Tries to download YouTube subtitles first (manual preferred, then auto-generated). If none are available, falls back to local Whisper transcription.

youtube

Uses only YouTube-provided subtitles. Fails with a clear error if the video has no English subtitles. This is the fastest option — no audio extraction or model download needed.

whisper

Extracts audio from the downloaded video and transcribes locally using mlx_whisper. Produces higher-quality transcripts than YouTube auto-subs but takes longer (roughly 1 minute per 10 minutes of video on Apple Silicon). Requires mlx_whisper to be installed.

LLM Providers (--llm-provider)

The script makes exactly one LLM request per video — sending the full transcript with a structured summarization prompt. With --diarize, a second request is made for speaker attribution.

lmstudio (default when running)

Connects to LM Studio's local server at localhost:1234 via its OpenAI-compatible API. Auto-selects the currently loaded model. No API key required.

LM Studio runs Apple Silicon-optimized models (MLX, GGUF) and is the recommended local provider for macOS. Install from lmstudio.ai, load a model, and enable the local server.
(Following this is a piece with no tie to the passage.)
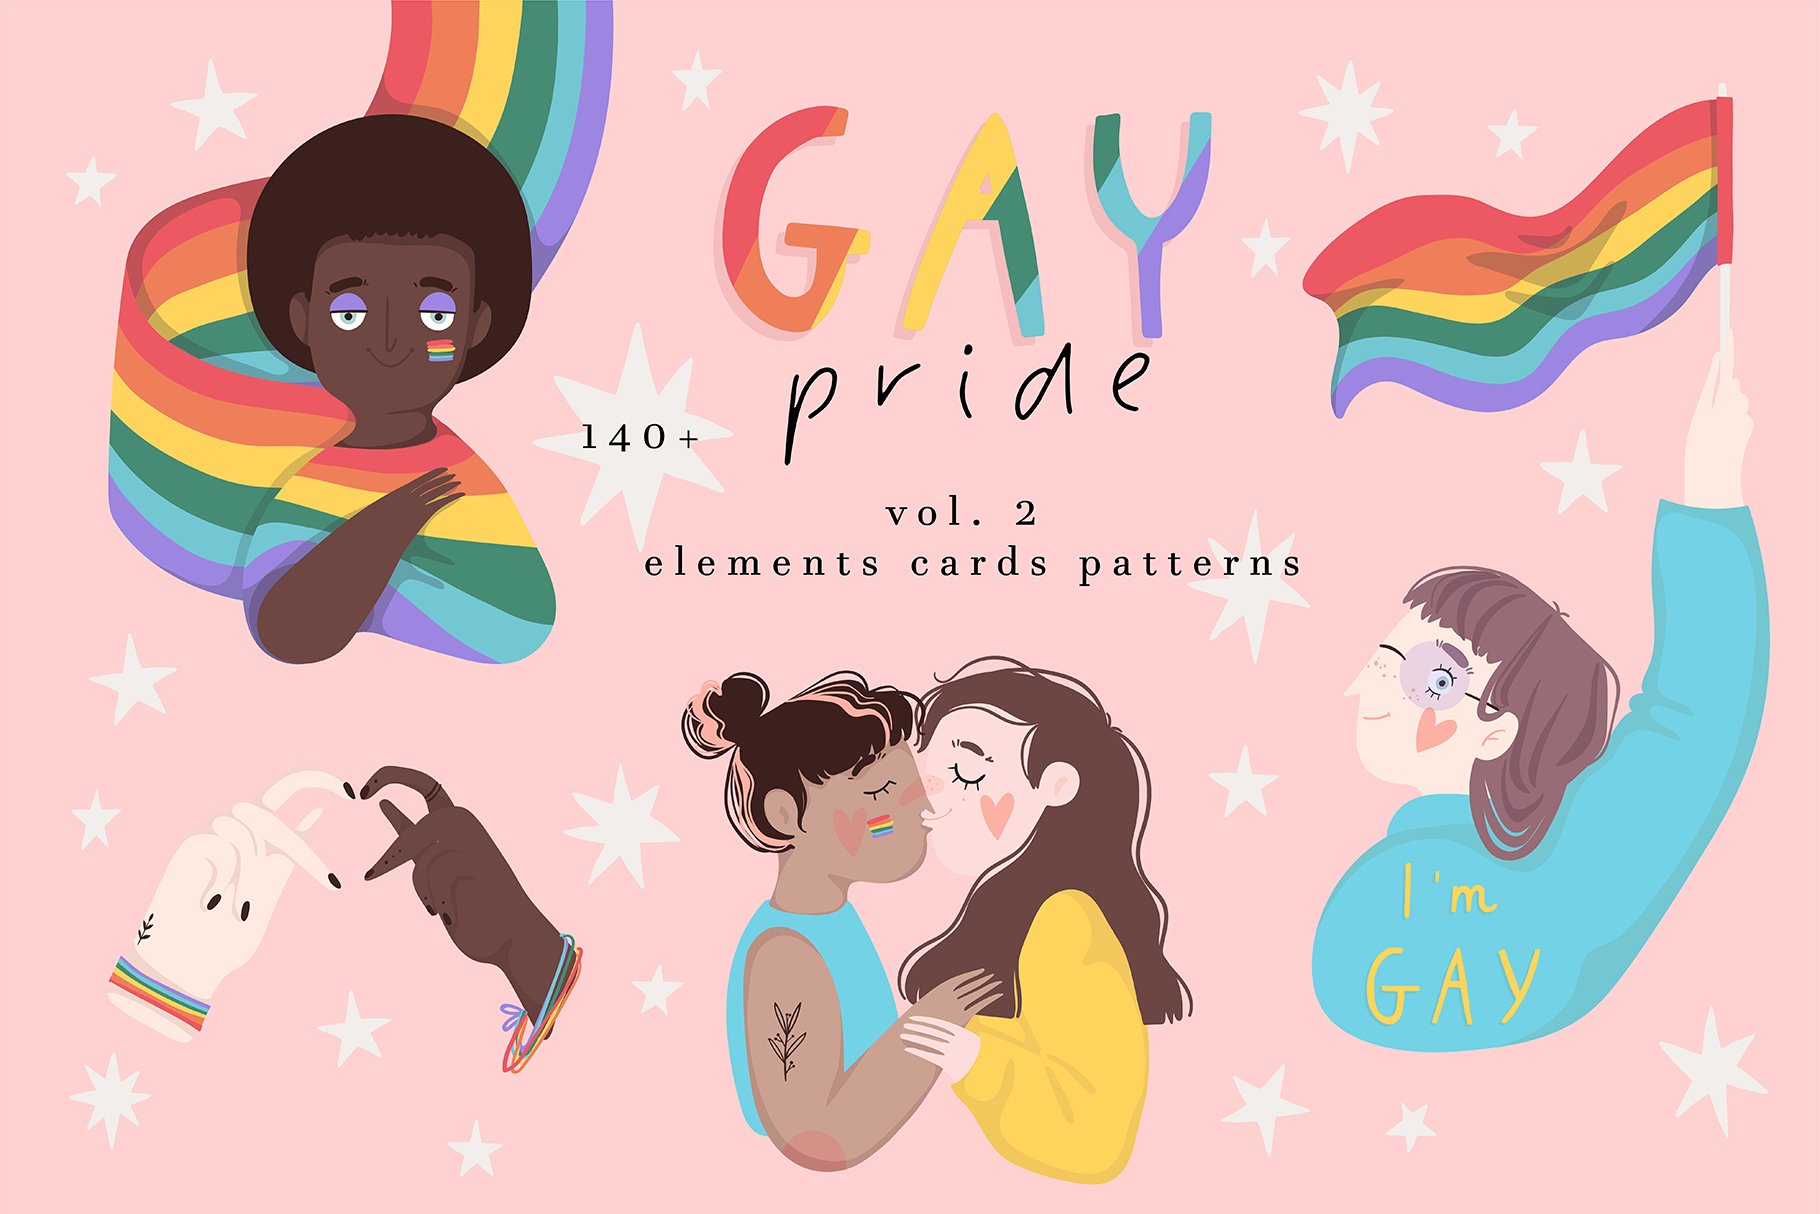 Gay Pride illustrations set Vol. 2 cover image.
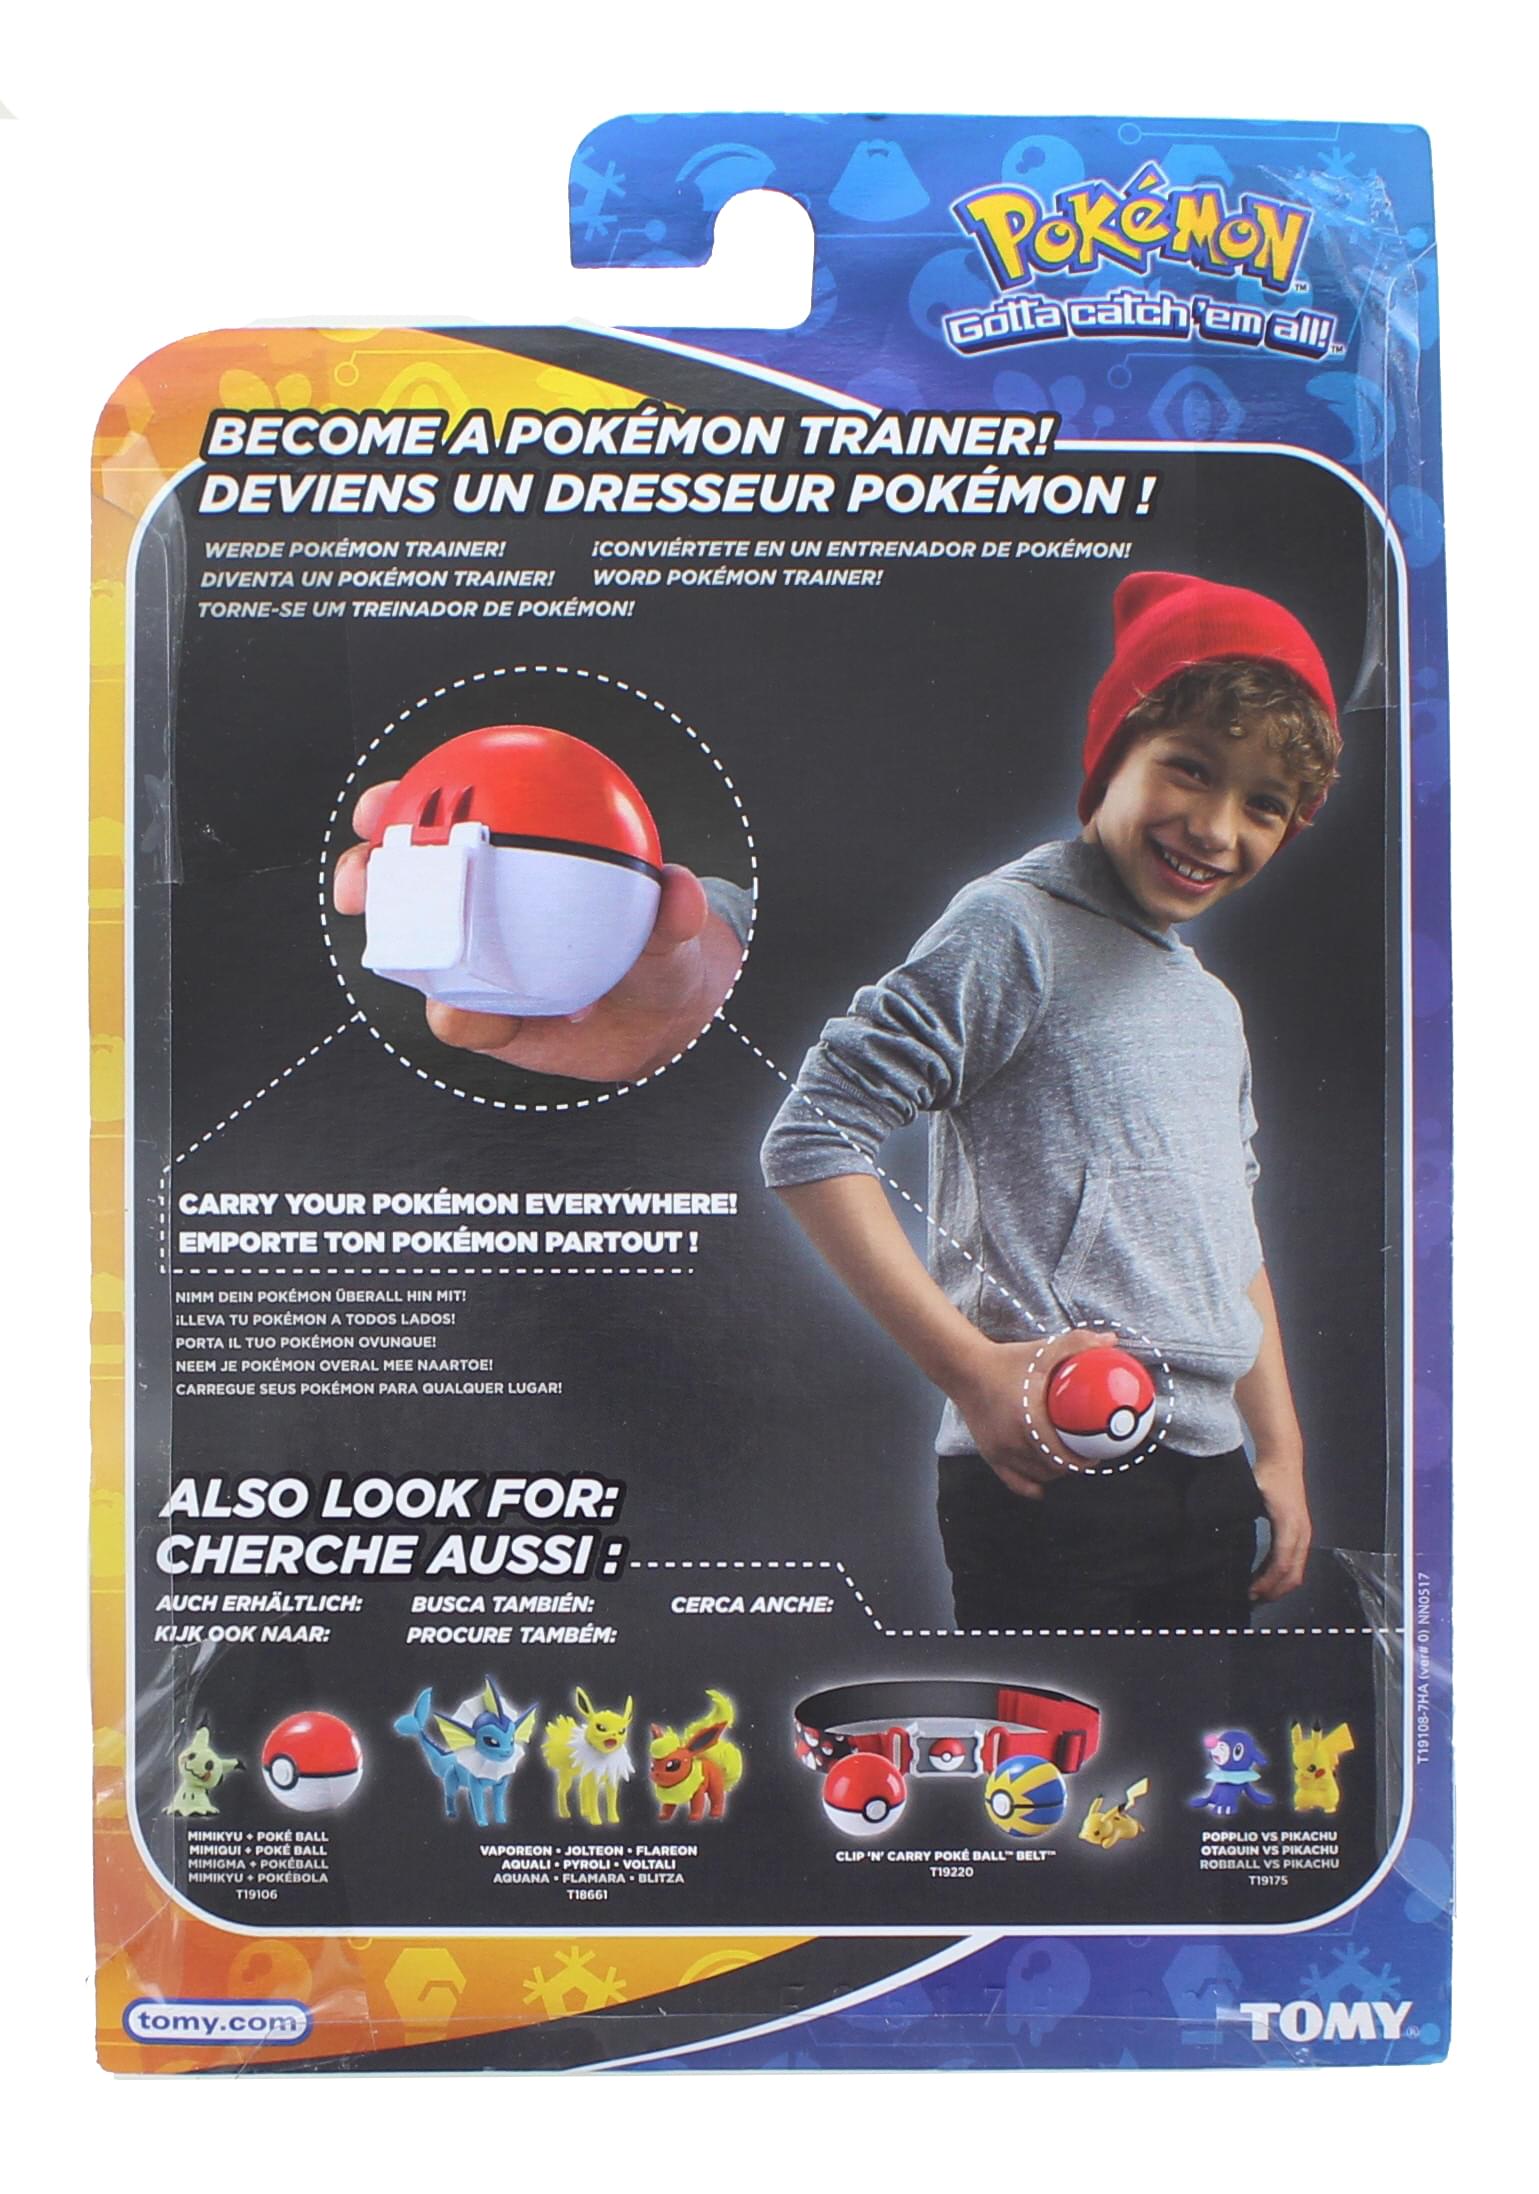 Pokemon Clip and Carry Poke Ball | 2 Inch Mimikyu and Poke Ball

# Auto-detected when LM Studio server is running
./get-yt "$URL"

# Explicitly select LM Studio
./get-yt -p lmstudio "$URL"

# Use a specific loaded model
./get-yt -p lmstudio -l "qwen/qwen3-vl-8b" "$URL"

ollama

Connects to the local Ollama server at localhost:11434. Auto-selects the first installed model if --llm-model is not set.

# Start ollama if not running
ollama serve &

# Use a specific model
./get-yt -p ollama -l gemma3:4b "$URL"

llm

Uses Simon Willison's llm CLI, which supports dozens of backends via plugins.

pipx install llm
llm keys set openai          # or install a plugin: llm install llm-claude-3

./get-yt -p llm -l gpt-4o "$URL"

anthropic

Direct API call via python3. Requires ANTHROPIC_API_KEY in the environment.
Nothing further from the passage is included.